Sistem rudal Typhon merupakan bagian dari strategi AS untuk memperkuat kehadiran senjata anti-kapal di kawasan Asia. Langkah ini telah menuai kritik tajam dari Tiongkok sejak pertama kali dikerahkan pada April 2024 dalam latihan militer. Juru bicara Kementerian Pertahanan Tiongkok, Zhang Xiaogang, menuduh Filipina tidak hanya “menyerahkan keamanan dan pertahanan nasional mereka kepada pihak lain, tetapi juga menimbulkan risiko konfrontasi geopolitik dan perlombaan senjata di kawasan tersebut.”
Zhang Xiaogang menyebut sistem rudal AS tersebut sebagai “senjata ofensif strategis.” Dia menuduh Filipina telah “berulang kali mengingkari janjinya dan mengikuti keinginan AS dalam memperkenalkan sistem ini.” Pernyataan ini menegaskan kekhawatiran Tiongkok terhadap potensi eskalasi ketegangan di kawasan Asia akibat penempatan senjata tersebut.
Menanggapi tudingan dari Tiongkok, juru bicara Dewan Keamanan Nasional Filipina, Jonathan Malaya, menyatakan dalam konferensi pers bahwa rudal Typhon hanya dimaksudkan untuk pertahanan.

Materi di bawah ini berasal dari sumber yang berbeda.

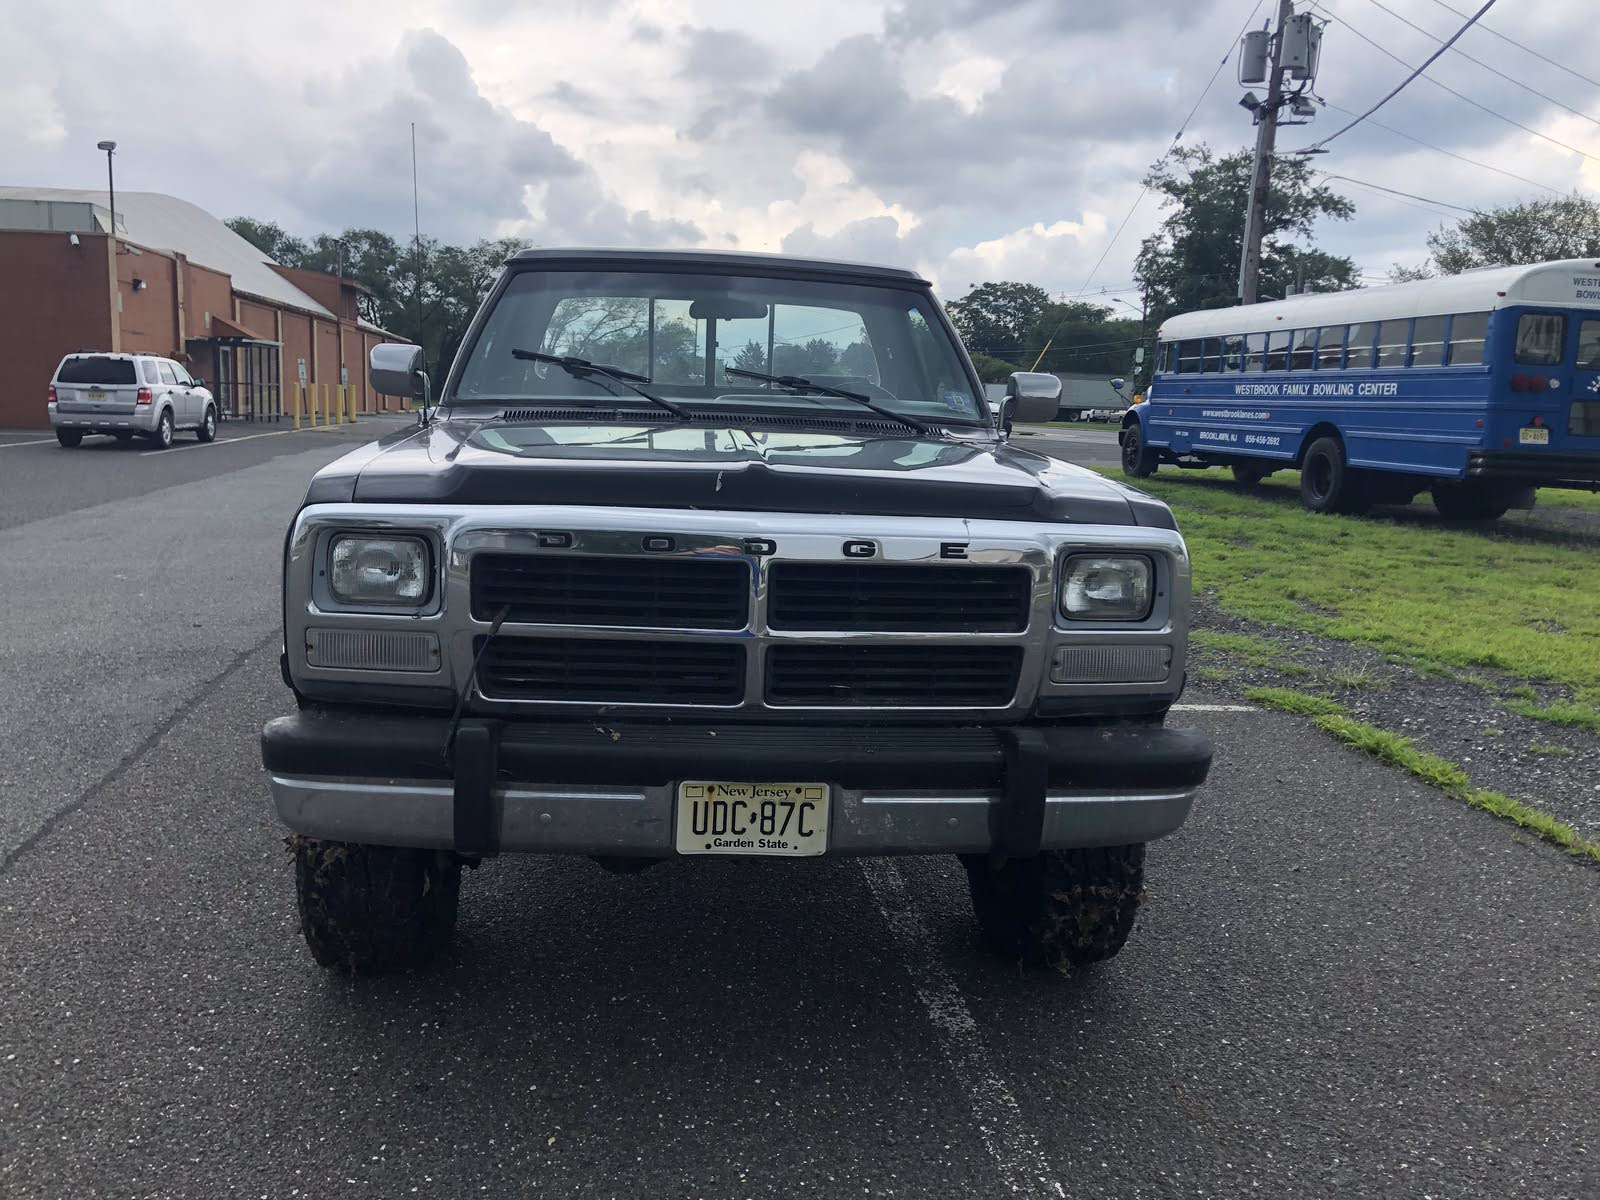 93 Dodge Cummins >> 1993 Dodge Ram 250 Overview Cargurus

Malaya menegaskan bahwa Manila tidak pernah berjanji untuk menarik penempatan rudal AS tersebut. “(Filipina) Mematuhi konstitusi pasifisnya yang menolak perang sebagai instrumen kebijakan nasional,” ujar Malaya, menekankan komitmen Filipina terhadap perdamaian dan stabilitas regional.
Ketegangan antara Tiongkok dan Filipina terkait penempatan sistem rudal Typhon buatan AS ini mencerminkan dinamika geopolitik yang kompleks di kawasan Asia. Sementara Tiongkok mengkhawatirkan potensi eskalasi militer, Filipina menegaskan bahwa langkah tersebut semata-mata untuk pertahanan. Situasi ini menuntut diplomasi yang hati-hati untuk mencegah peningkatan ketegangan lebih lanjut dan memastikan stabilitas di kawasan tersebut.